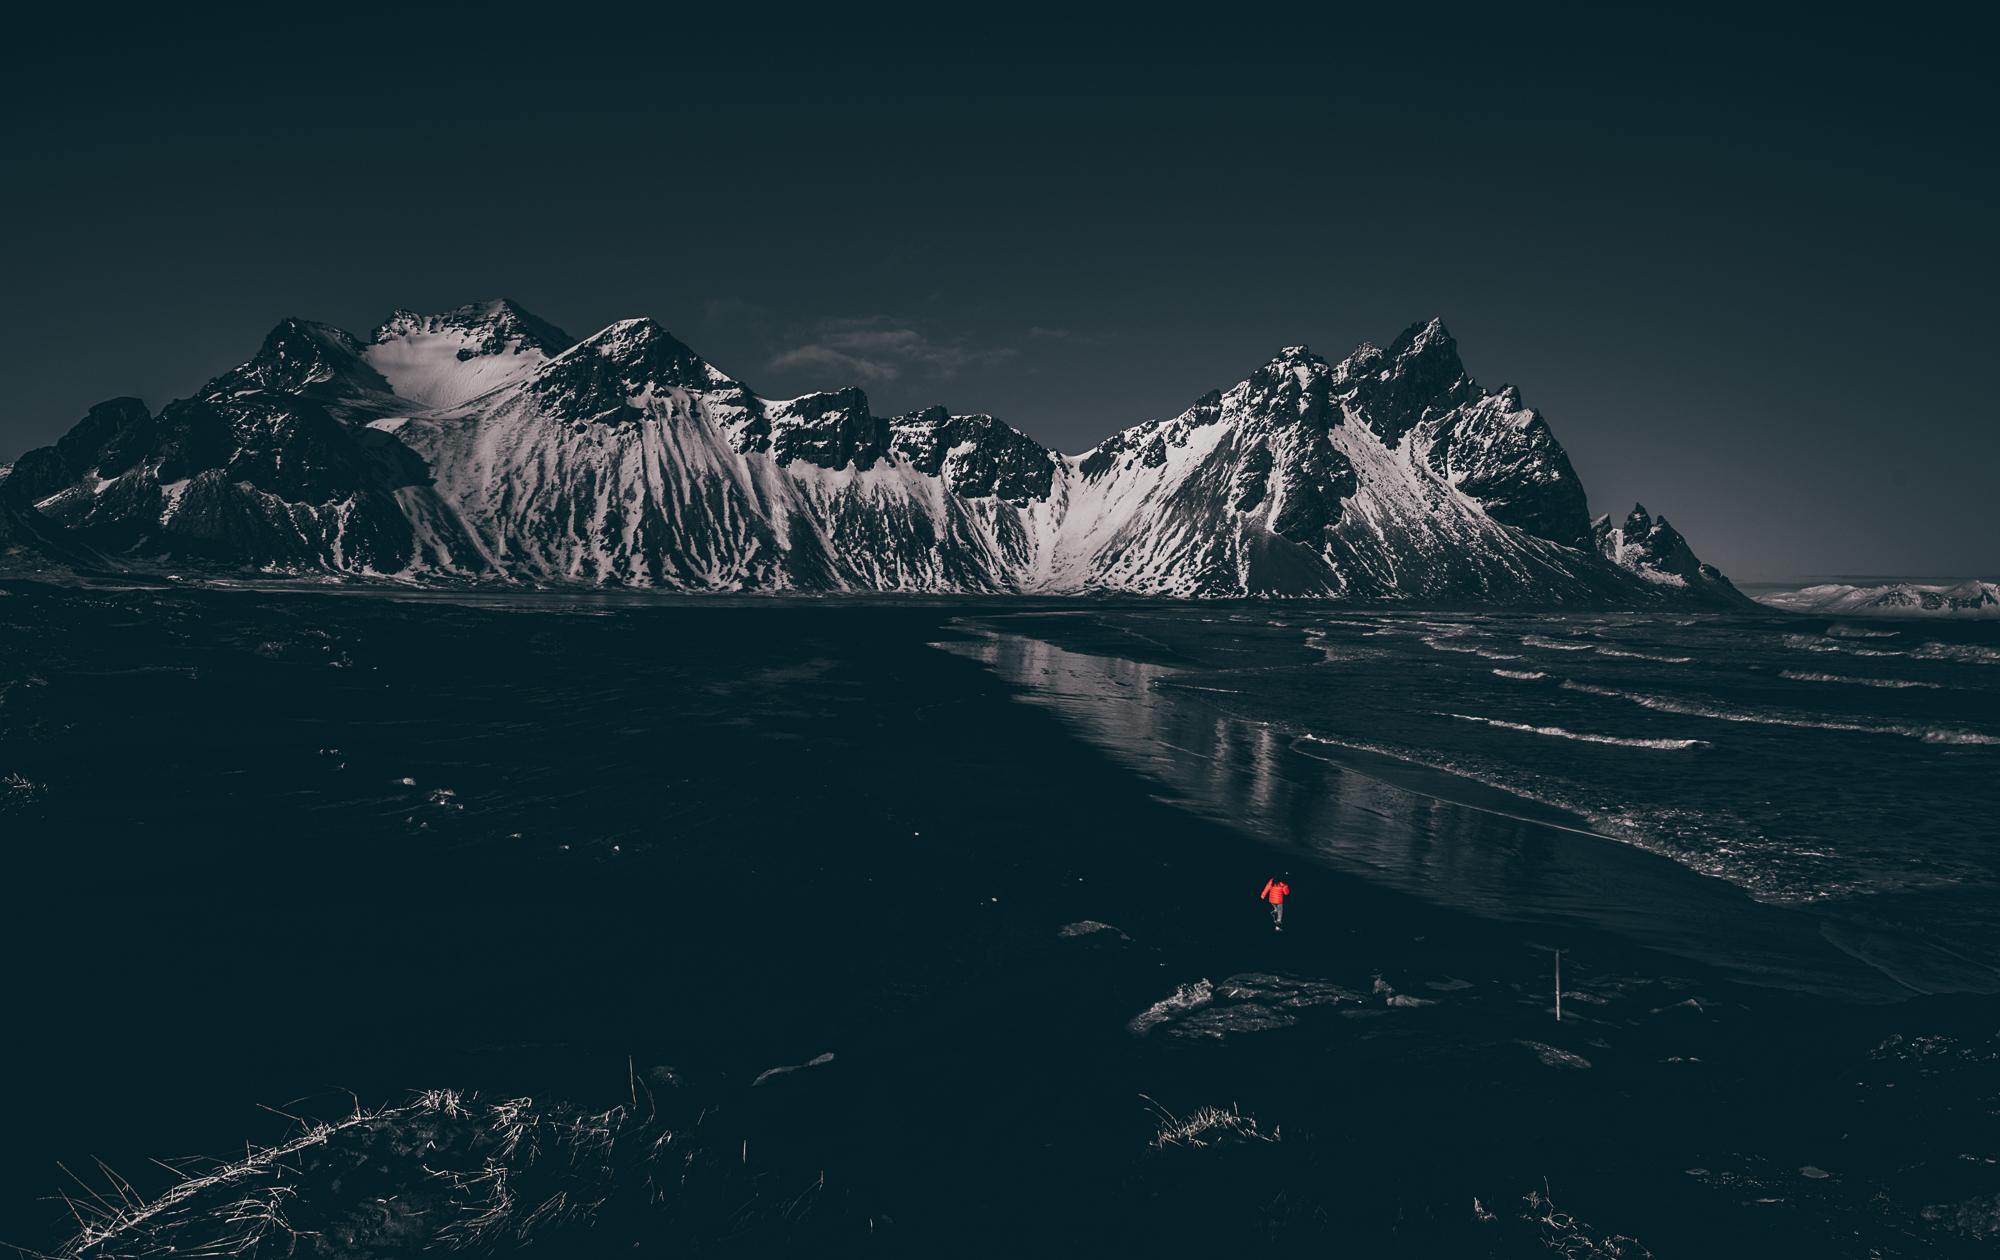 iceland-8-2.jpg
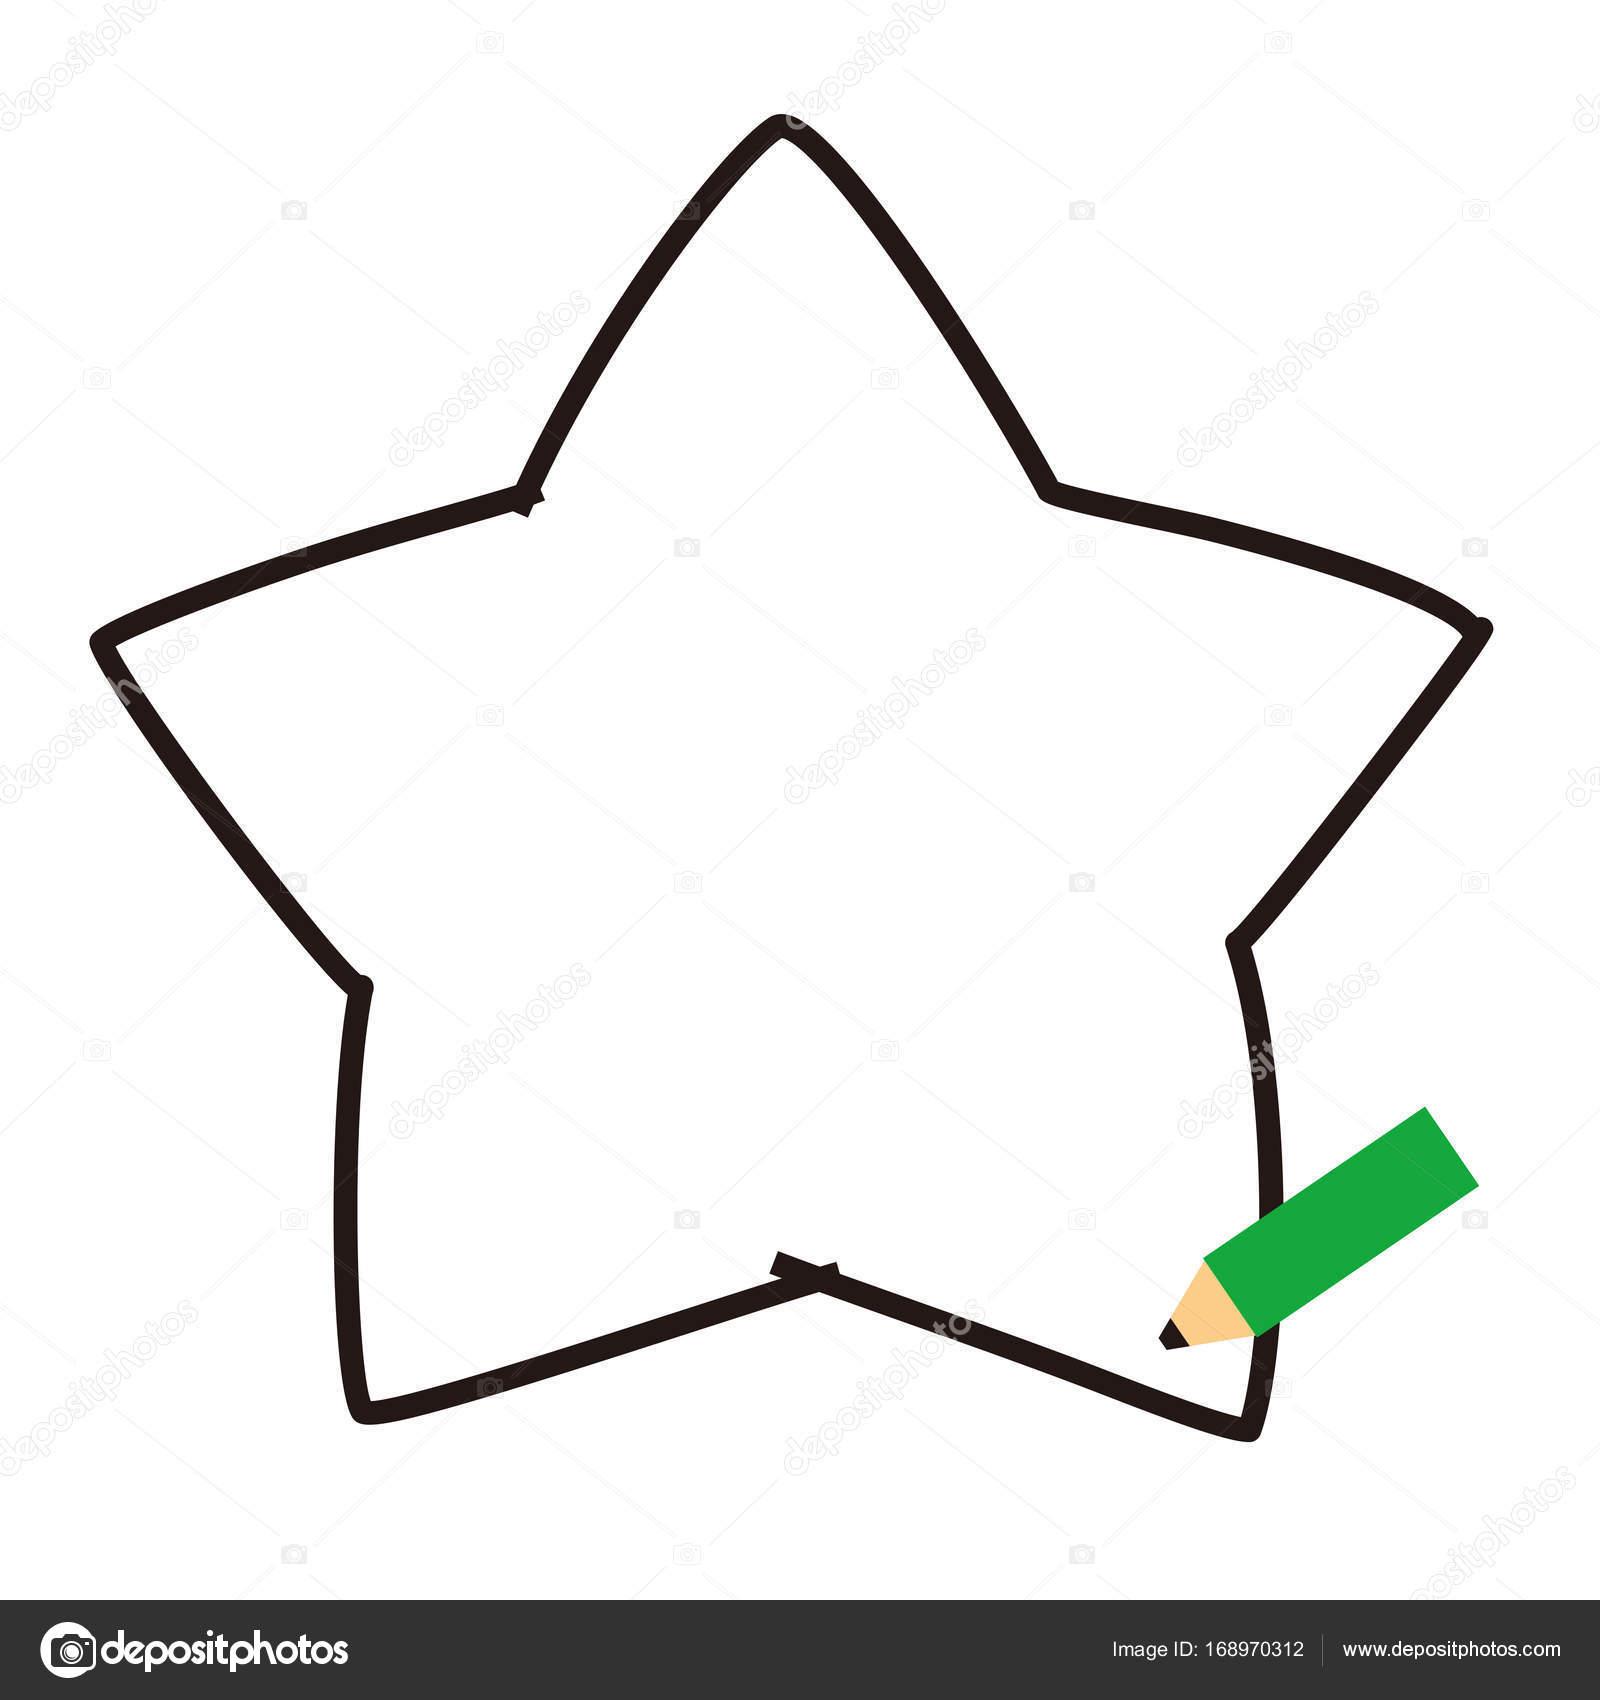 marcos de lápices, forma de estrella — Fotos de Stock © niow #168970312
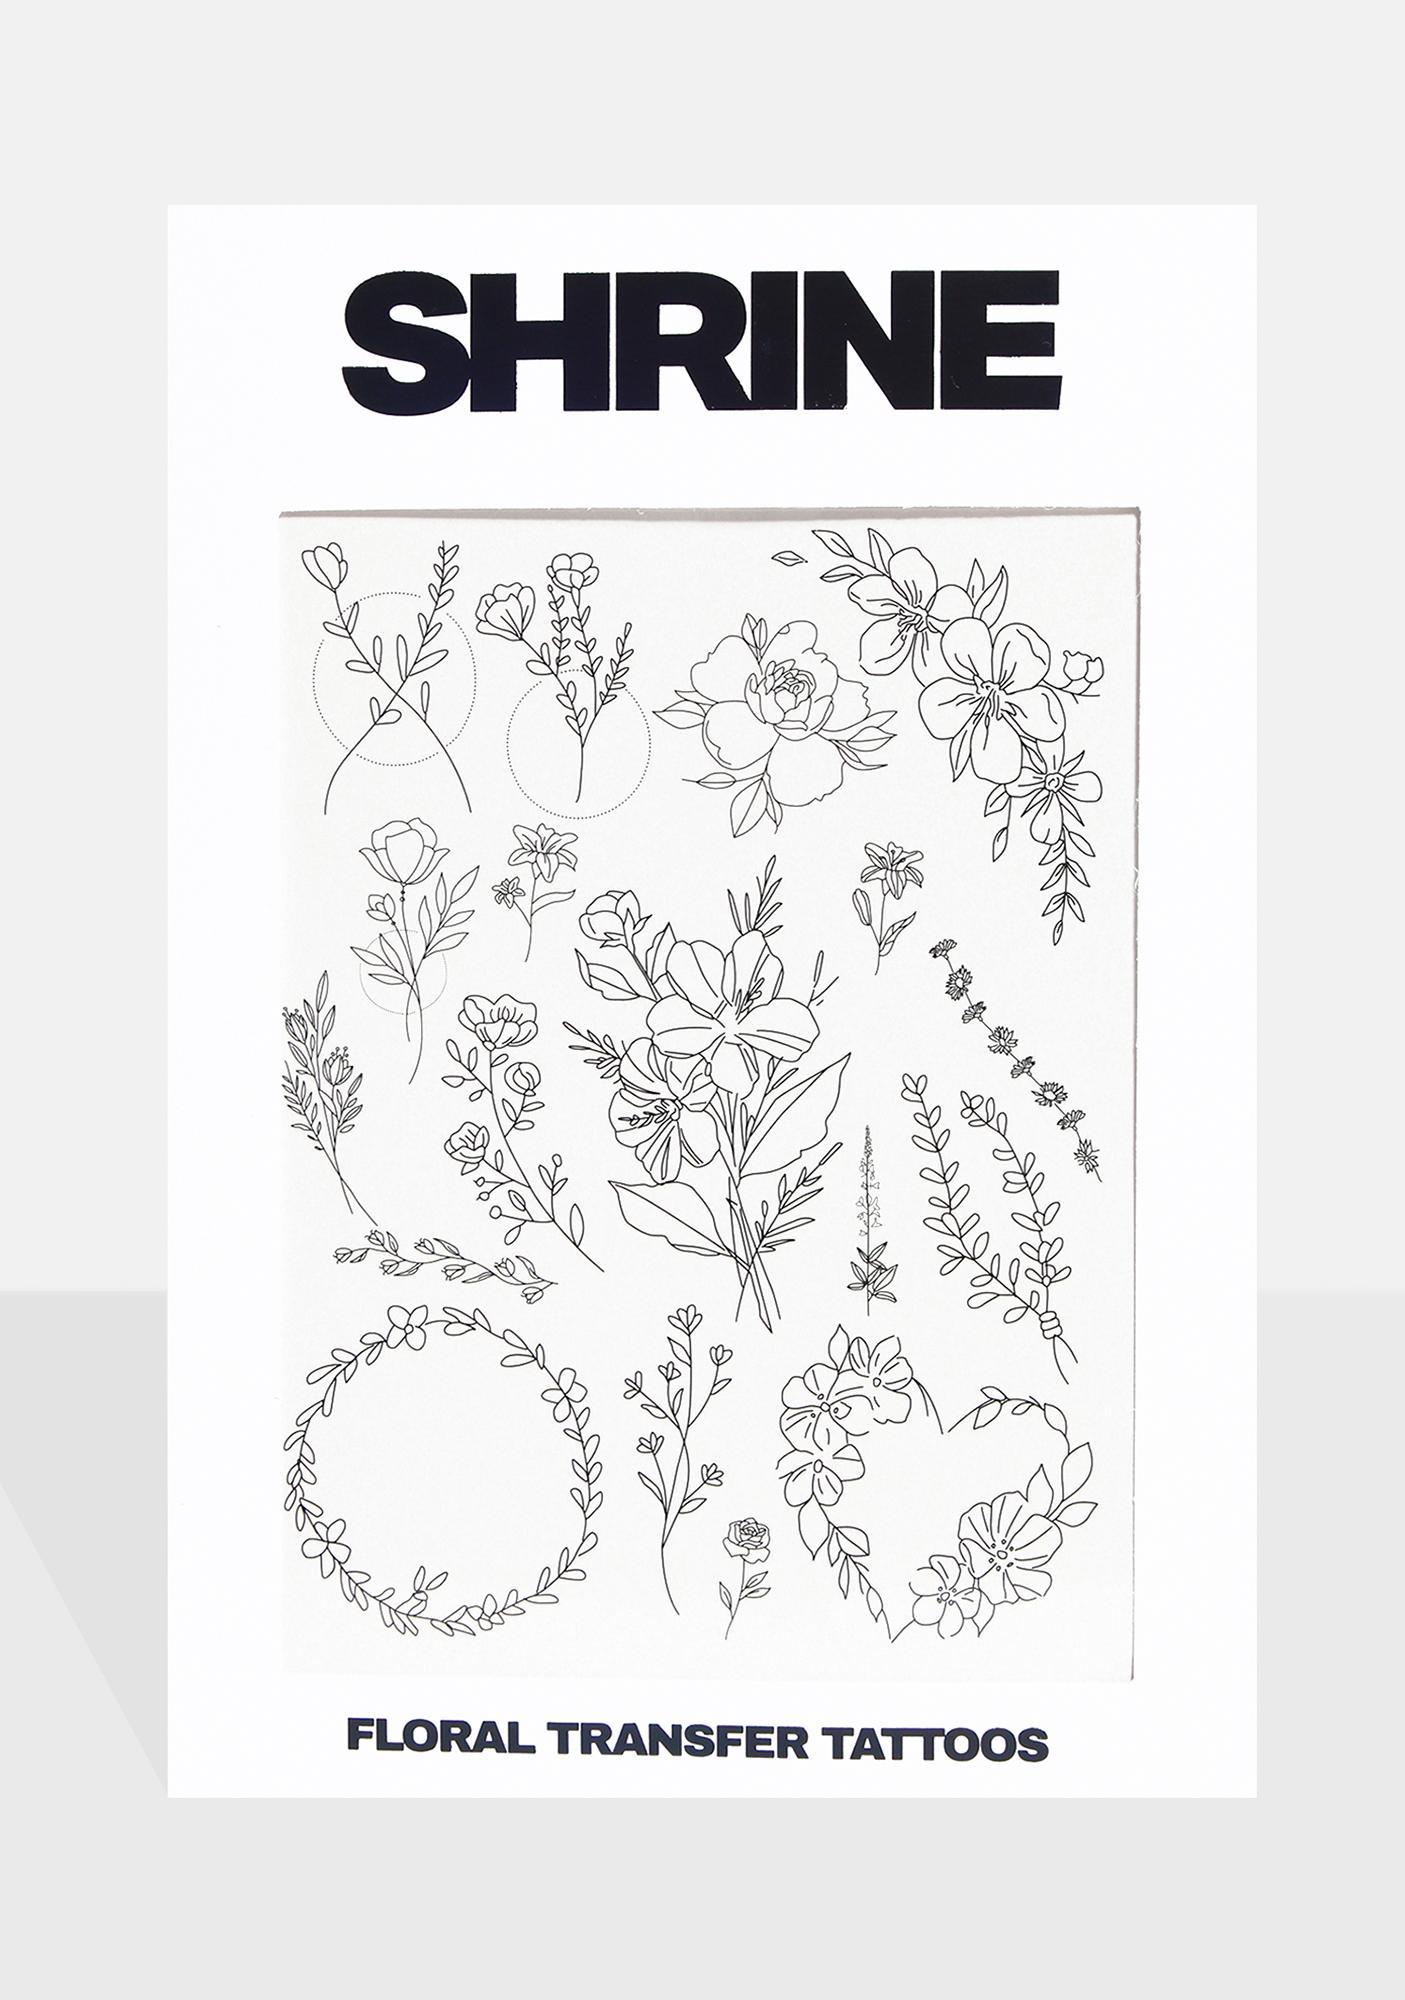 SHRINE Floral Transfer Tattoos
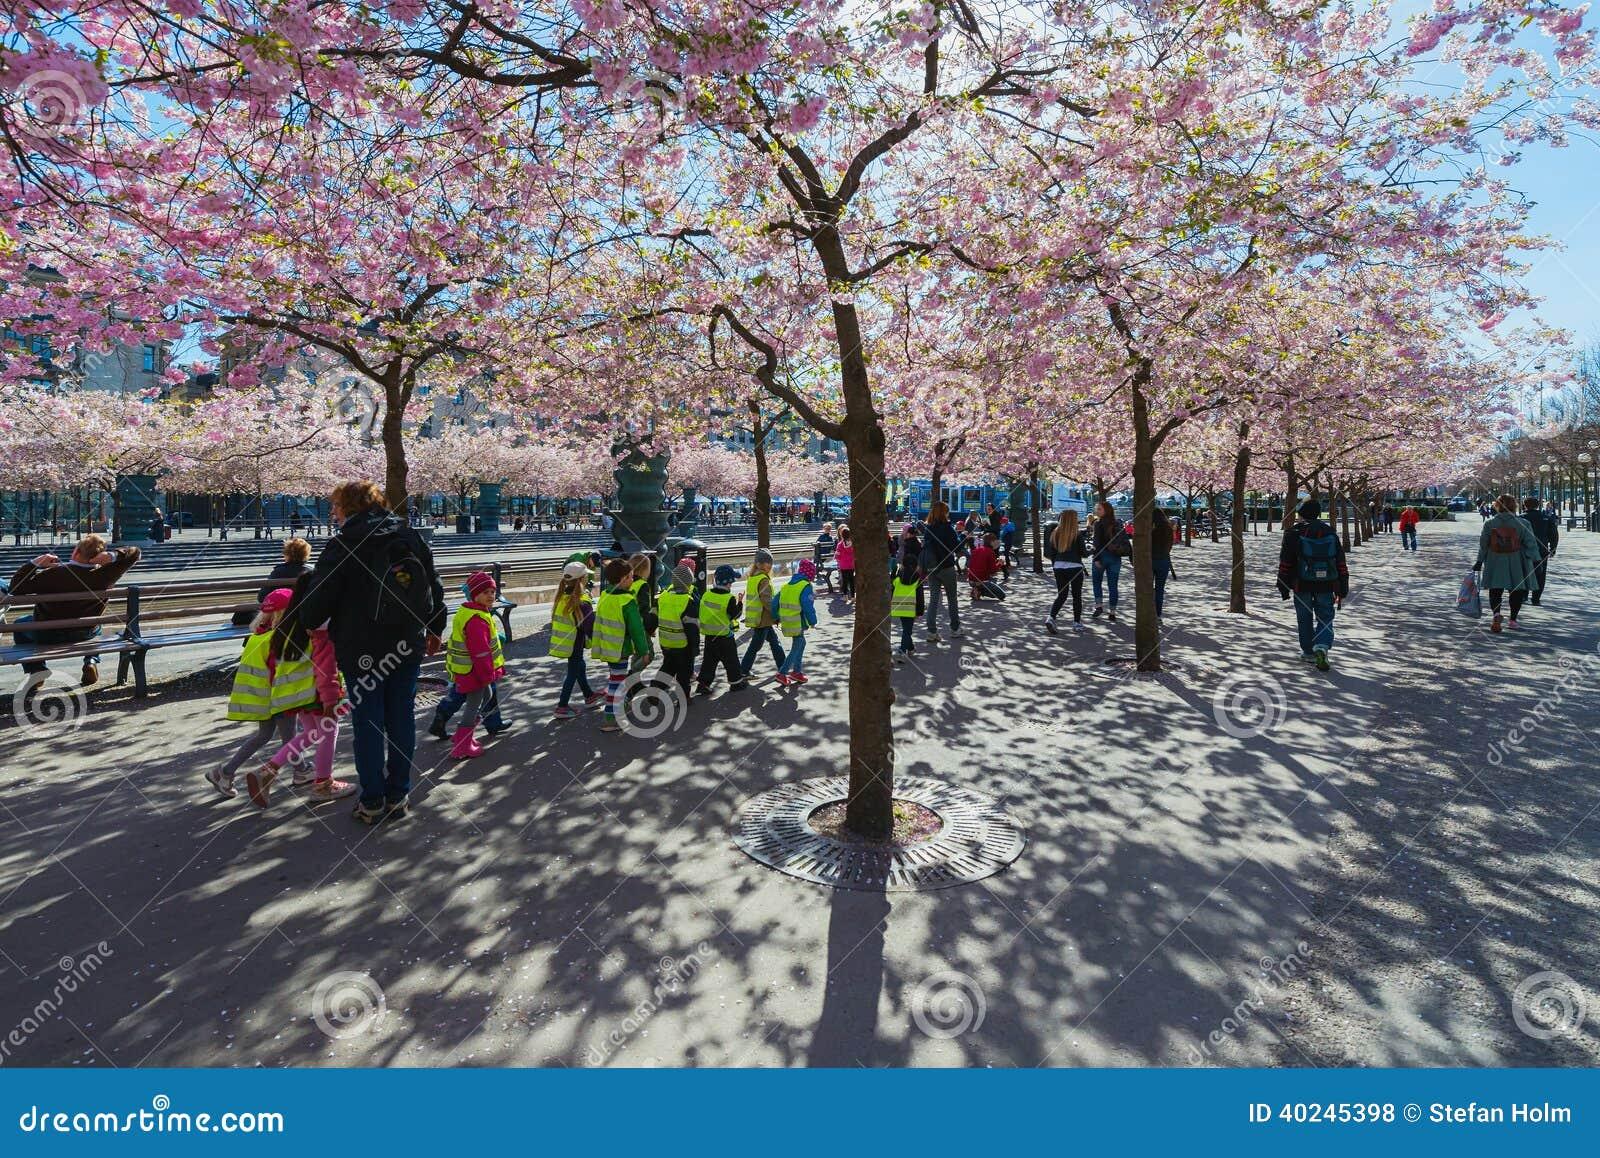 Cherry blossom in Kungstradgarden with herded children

■ **WHAT IS EXPECTED**: None of the pictures should be reproduced; all other material above must be set down exactly.

■ **RESPONSE TO THE EXERCISE**:
 iceland-8-2.jpg
 marcos de lápices, forma de estrella — Fotos de Stock © niow #168970312
 SHRINE Floral Transfer Tattoos
 Cherry blossom in Kungstradgarden with herded children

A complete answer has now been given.